Desse modo, é importante destacar que as emissoras, pontualmente falando, têm responsabilidade social também por esse motivo. Logo, a questão racial engloba esse cenário – “ainda mais a Globo, que se apresenta como representante do Brasil”, destaca Ladeira. E há milhões de negros entre os milhões de uns, diga-se de passagem.
Todavia, voltando à relação mídia e sociedade, que se retroalimenta de modo contínuo, a mídia reproduz estereótipos ao mesmo tempo em que é influenciada pelo comportamento social – vide Ali Kamel, diretor-geral de jornalismo da Globo, ter publicado o livro “Não Somos Racistas”. “Um diretor da Globo dizer isso diz muito sobre a emissora. Isso tudo vem de ideologia que coloca a miscigenação como algo natural, o que é muito mais forte do que a Globo.”
O mundo está mais chato?
Volta e meia surge alguém para dizer que o mundo está chato, pois não se pode mais fazer piadas de cunho racial, com gênero ou sobre orientação sexual. “Renato Aragão disse certa vez que, no auge de ‘Os Trapalhões’, era possível fazer piadas com minorias que isso passaria batido. Hoje, há grupos que não aceitam piadas. E isso parte da conscientização da população”, pontua o mestre em geografia e articulista do Observatório da Imprensa.

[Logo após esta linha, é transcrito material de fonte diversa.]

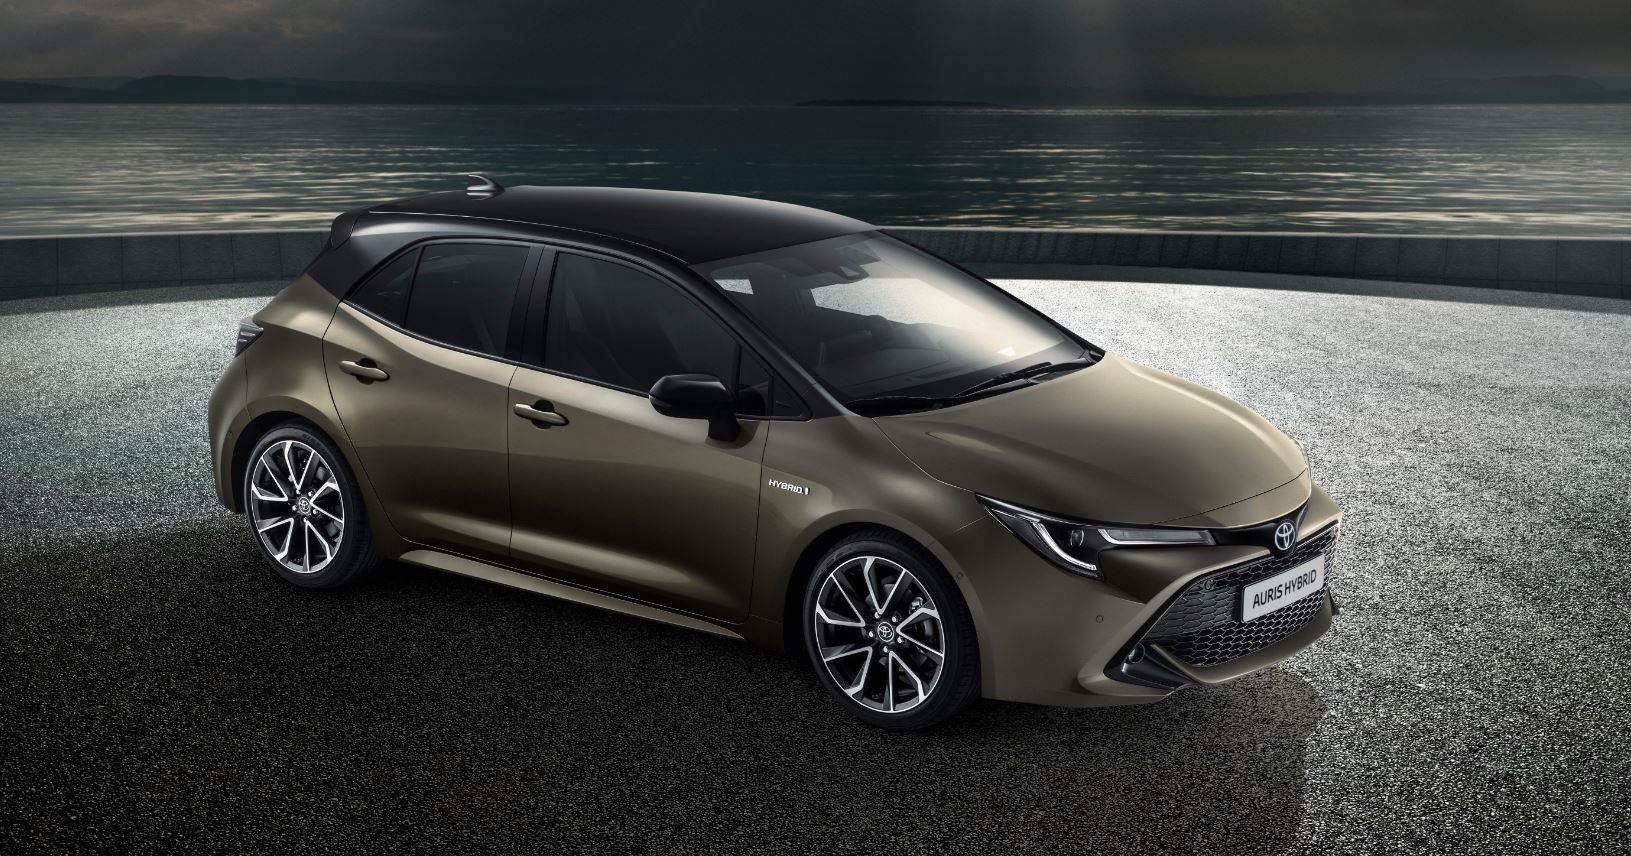 El Toyota Auris 2018 dice adiós al diésel: La apuesta fuerte por la hibridación

Sendo assim, o que será necessário para mudar esse panorama e a população negra ser, de fato, ter representatividade relevante na mídia? “Essa mudança não virá de cima e será muita ingenuidade achar que minorias serão representadas. A pressão será popular e a conscientização só acontecerá por meio de sistema educacional melhor, que leve os alunos a pensarem sobre essas pressões, ainda que setores tentem barrá-las pelo medo de se formar geração mais consciente, que pleiteará melhorias nesses produtos de mídia”, completa Francisco Fernandes Ladeira.